[Extracted entries — start]

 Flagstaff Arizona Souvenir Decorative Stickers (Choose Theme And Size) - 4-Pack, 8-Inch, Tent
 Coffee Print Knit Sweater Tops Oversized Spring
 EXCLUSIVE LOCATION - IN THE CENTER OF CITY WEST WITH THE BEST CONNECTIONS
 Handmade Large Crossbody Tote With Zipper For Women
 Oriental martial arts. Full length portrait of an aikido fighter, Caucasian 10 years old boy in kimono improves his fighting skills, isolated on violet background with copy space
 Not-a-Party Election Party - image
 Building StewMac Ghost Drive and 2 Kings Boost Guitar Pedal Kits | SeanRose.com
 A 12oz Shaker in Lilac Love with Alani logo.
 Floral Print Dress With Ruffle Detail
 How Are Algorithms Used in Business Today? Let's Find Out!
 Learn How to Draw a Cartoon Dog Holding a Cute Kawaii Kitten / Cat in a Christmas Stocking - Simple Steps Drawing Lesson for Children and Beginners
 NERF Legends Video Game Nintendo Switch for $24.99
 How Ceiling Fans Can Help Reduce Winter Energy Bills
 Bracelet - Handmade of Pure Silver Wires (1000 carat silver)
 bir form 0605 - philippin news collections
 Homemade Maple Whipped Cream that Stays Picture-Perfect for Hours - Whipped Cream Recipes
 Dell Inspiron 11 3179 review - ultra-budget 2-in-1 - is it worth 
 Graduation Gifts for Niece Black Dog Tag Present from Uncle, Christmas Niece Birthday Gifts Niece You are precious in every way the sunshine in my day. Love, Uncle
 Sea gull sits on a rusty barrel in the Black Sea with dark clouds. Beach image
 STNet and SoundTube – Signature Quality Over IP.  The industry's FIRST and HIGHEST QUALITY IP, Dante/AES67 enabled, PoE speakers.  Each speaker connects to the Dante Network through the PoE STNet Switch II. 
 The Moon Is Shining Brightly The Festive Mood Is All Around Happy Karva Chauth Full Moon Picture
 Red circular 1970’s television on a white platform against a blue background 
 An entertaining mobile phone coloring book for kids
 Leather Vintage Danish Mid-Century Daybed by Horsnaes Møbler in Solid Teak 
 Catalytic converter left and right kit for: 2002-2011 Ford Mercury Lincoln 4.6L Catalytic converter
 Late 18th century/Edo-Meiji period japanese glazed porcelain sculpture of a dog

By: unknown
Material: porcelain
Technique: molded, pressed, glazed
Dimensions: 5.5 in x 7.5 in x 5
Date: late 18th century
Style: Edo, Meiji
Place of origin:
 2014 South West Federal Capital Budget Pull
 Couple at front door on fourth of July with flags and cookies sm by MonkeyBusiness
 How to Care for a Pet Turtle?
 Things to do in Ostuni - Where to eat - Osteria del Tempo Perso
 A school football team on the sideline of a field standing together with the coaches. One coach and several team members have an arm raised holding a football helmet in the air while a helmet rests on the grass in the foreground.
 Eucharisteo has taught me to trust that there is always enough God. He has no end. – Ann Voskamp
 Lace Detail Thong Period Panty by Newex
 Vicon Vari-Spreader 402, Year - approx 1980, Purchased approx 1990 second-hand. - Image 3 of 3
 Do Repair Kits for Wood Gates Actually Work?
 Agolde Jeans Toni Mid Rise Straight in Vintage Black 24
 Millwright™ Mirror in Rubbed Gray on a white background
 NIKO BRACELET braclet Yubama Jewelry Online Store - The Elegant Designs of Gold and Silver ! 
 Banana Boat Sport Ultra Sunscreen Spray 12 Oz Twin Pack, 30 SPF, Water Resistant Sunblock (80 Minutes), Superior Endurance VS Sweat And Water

[Extracted entries — finish]

Activity:
Line by line, retype all of the records exactly.

Solution for this problem:
 Flagstaff Arizona Souvenir Decorative Stickers (Choose Theme And Size) - 4-Pack, 8-Inch, Tent
 Coffee Print Knit Sweater Tops Oversized Spring
 EXCLUSIVE LOCATION - IN THE CENTER OF CITY WEST WITH THE BEST CONNECTIONS
 Handmade Large Crossbody Tote With Zipper For Women
 Oriental martial arts. Full length portrait of an aikido fighter, Caucasian 10 years old boy in kimono improves his fighting skills, isolated on violet background with copy space
 Not-a-Party Election Party - image
 Building StewMac Ghost Drive and 2 Kings Boost Guitar Pedal Kits | SeanRose.com
 A 12oz Shaker in Lilac Love with Alani logo.
 Floral Print Dress With Ruffle Detail
 How Are Algorithms Used in Business Today? Let's Find Out!
 Learn How to Draw a Cartoon Dog Holding a Cute Kawaii Kitten / Cat in a Christmas Stocking - Simple Steps Drawing Lesson for Children and Beginners
 NERF Legends Video Game Nintendo Switch for $24.99
 How Ceiling Fans Can Help Reduce Winter Energy Bills
 Bracelet - Handmade of Pure Silver Wires (1000 carat silver)
 bir form 0605 - philippin news collections
 Homemade Maple Whipped Cream that Stays Picture-Perfect for Hours - Whipped Cream Recipes
 Dell Inspiron 11 3179 review - ultra-budget 2-in-1 - is it worth 
 Graduation Gifts for Niece Black Dog Tag Present from Uncle, Christmas Niece Birthday Gifts Niece You are precious in every way the sunshine in my day. Love, Uncle
 Sea gull sits on a rusty barrel in the Black Sea with dark clouds. Beach image
 STNet and SoundTube – Signature Quality Over IP.  The industry's FIRST and HIGHEST QUALITY IP, Dante/AES67 enabled, PoE speakers.  Each speaker connects to the Dante Network through the PoE STNet Switch II. 
 The Moon Is Shining Brightly The Festive Mood Is All Around Happy Karva Chauth Full Moon Picture
 Red circular 1970’s television on a white platform against a blue background 
 An entertaining mobile phone coloring book for kids
 Leather Vintage Danish Mid-Century Daybed by Horsnaes Møbler in Solid Teak 
 Catalytic converter left and right kit for: 2002-2011 Ford Mercury Lincoln 4.6L Catalytic converter
 Late 18th century/Edo-Meiji period japanese glazed porcelain sculpture of a dog

By: unknown
Material: porcelain
Technique: molded, pressed, glazed
Dimensions: 5.5 in x 7.5 in x 5
Date: late 18th century
Style: Edo, Meiji
Place of origin:
 2014 South West Federal Capital Budget Pull
 Couple at front door on fourth of July with flags and cookies sm by MonkeyBusiness
 How to Care for a Pet Turtle?
 Things to do in Ostuni - Where to eat - Osteria del Tempo Perso
 A school football team on the sideline of a field standing together with the coaches. One coach and several team members have an arm raised holding a football helmet in the air while a helmet rests on the grass in the foreground.
 Eucharisteo has taught me to trust that there is always enough God. He has no end. – Ann Voskamp
 Lace Detail Thong Period Panty by Newex
 Vicon Vari-Spreader 402, Year - approx 1980, Purchased approx 1990 second-hand. - Image 3 of 3
 Do Repair Kits for Wood Gates Actually Work?
 Agolde Jeans Toni Mid Rise Straight in Vintage Black 24
 Millwright™ Mirror in Rubbed Gray on a white background
 NIKO BRACELET braclet Yubama Jewelry Online Store - The Elegant Designs of Gold and Silver ! 
 Banana Boat Sport Ultra Sunscreen Spray 12 Oz Twin Pack, 30 SPF, Water Resistant Sunblock (80 Minutes), Superior Endurance VS Sweat And Water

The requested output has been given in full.